Профессор не выдержал напряжения момента и завёлся:
— Сбежал ваш инструментальщик на свой завод! Может, к ужину вернётся, а может, даже к утру, если в третью смену инструменталить будет. А вы тут нервничаете! Этот-то вернулся, поел и лежит как бревно — так и тот заявится, никуда не денется. Вы все думаете, что научная мысль уже никуда не годится, что она хуже инструментальной? Отнюдь, ошибаетесь: научная мысль всегда будет побеждать инструментальную! Ещё не было такого, чтобы…
— Хватит гудеть! — перебил его седой. — Ваша научная трескотня уже в ушах звенит.
— Да, звенит, и будет звенеть, — огрызнулся профессор.
— Лучше писали бы диссертацию! — рявкнул седой. — И темочку могу предложить: «Уход инструментальщика,
как нетипичное клиническое явление».
Профессор задумался; сначала даже показалось, что он иссяк, но через минуту профессорская мысль вновь забурлила.
— Я лучше займусь разработкой другой темы — «Явление напраслины в стеснённых условиях» — и всем докажу, аргументированно докажу, что напраслина — типичное явление, и бороться с ней чрезвычайно сложно.

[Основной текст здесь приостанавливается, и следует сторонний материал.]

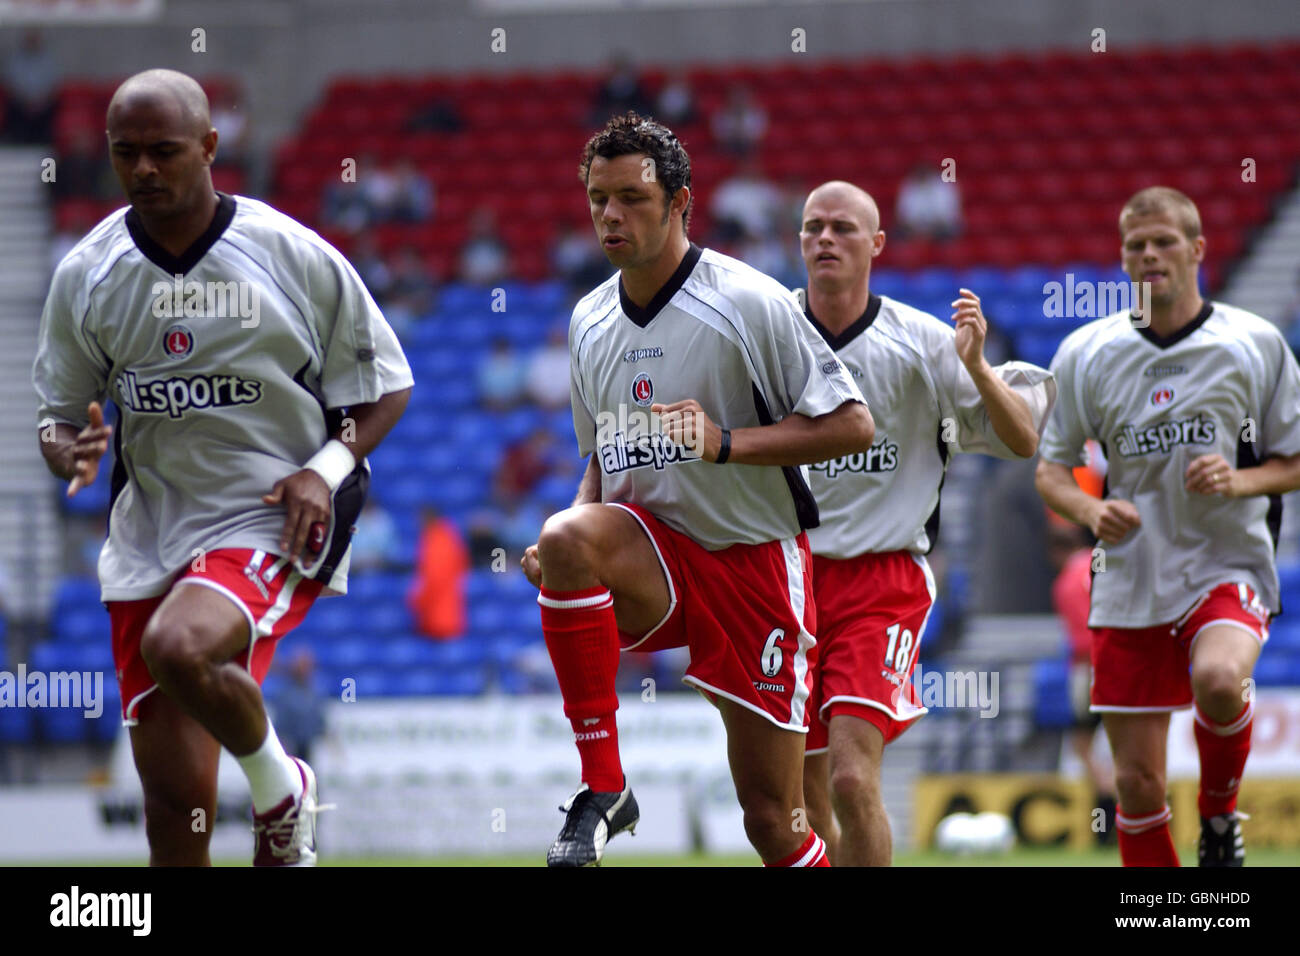 L-R: Charlton Athletic's Shaun Bartlett, Mark Fish, Paul Konchesky and Hermann Hreidarsson warm up prior to the game Stock Photo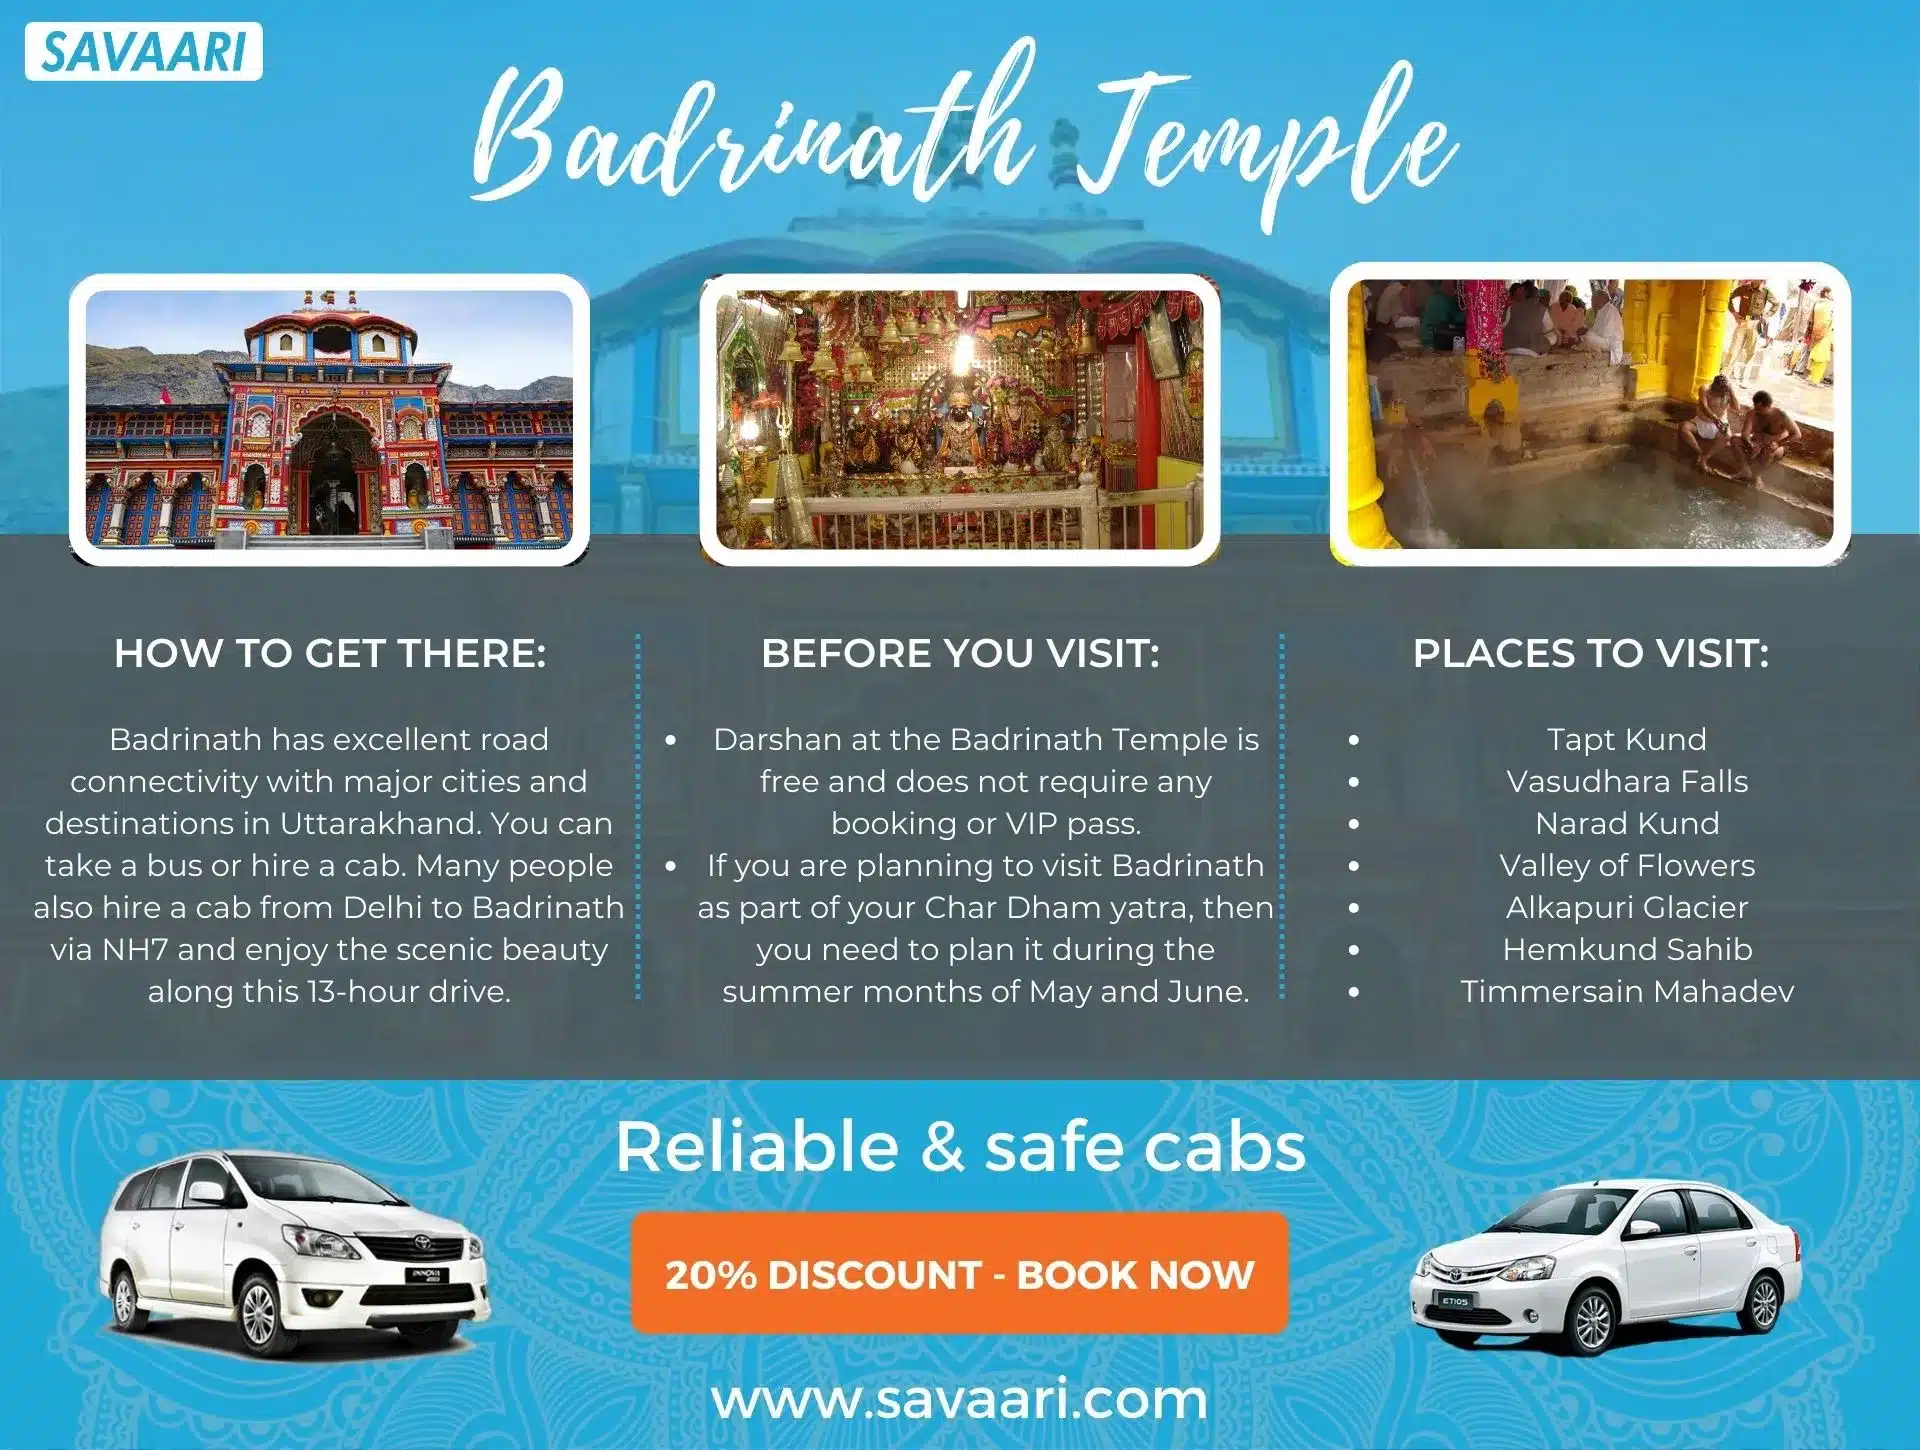 Things to do in Badrinath Temple

Есть у нас ещё некоторые, — он кивнул в сторону Мякина, — которые напраслину наводят на пустом месте.
Седой безнадёжно махнул рукой, улёгся на постель и сосредоточился на созерцании потолка. Профессор ещё некоторое время разглагольствовал на тему напраслины и, не встретив возражений, постепенно приутих, только иногда с его стороны слышались отдельные, не связанные между собой слова. Население палаты погрузилось в послеобеденную дремоту.
Инструментальщик не появился ни к ужину, ни к ночи. Дежурная медсестра уже дважды заходила в палату и справлялась: где же может быть инструментальщик? Никто из пациентов по этому поводу ничего путного сказать не мог. Профессор попытался ей объяснить, что инструментальщик мог выйти в третью смену, но дежурная, выслушав его, исчезала из палаты весьма озабоченной. Последний раз она посетила палату перед самым отбоем и, взглянув на пустую койку инструментальщика, быстро ретировалась.
Мякин долго лежал в темноте с открытыми глазами. Сегодняшняя ночь осталась без храпа инструментальщика. Из окна сочился слабый свет уличных фонарей, и вспоминать прошлое было приятно.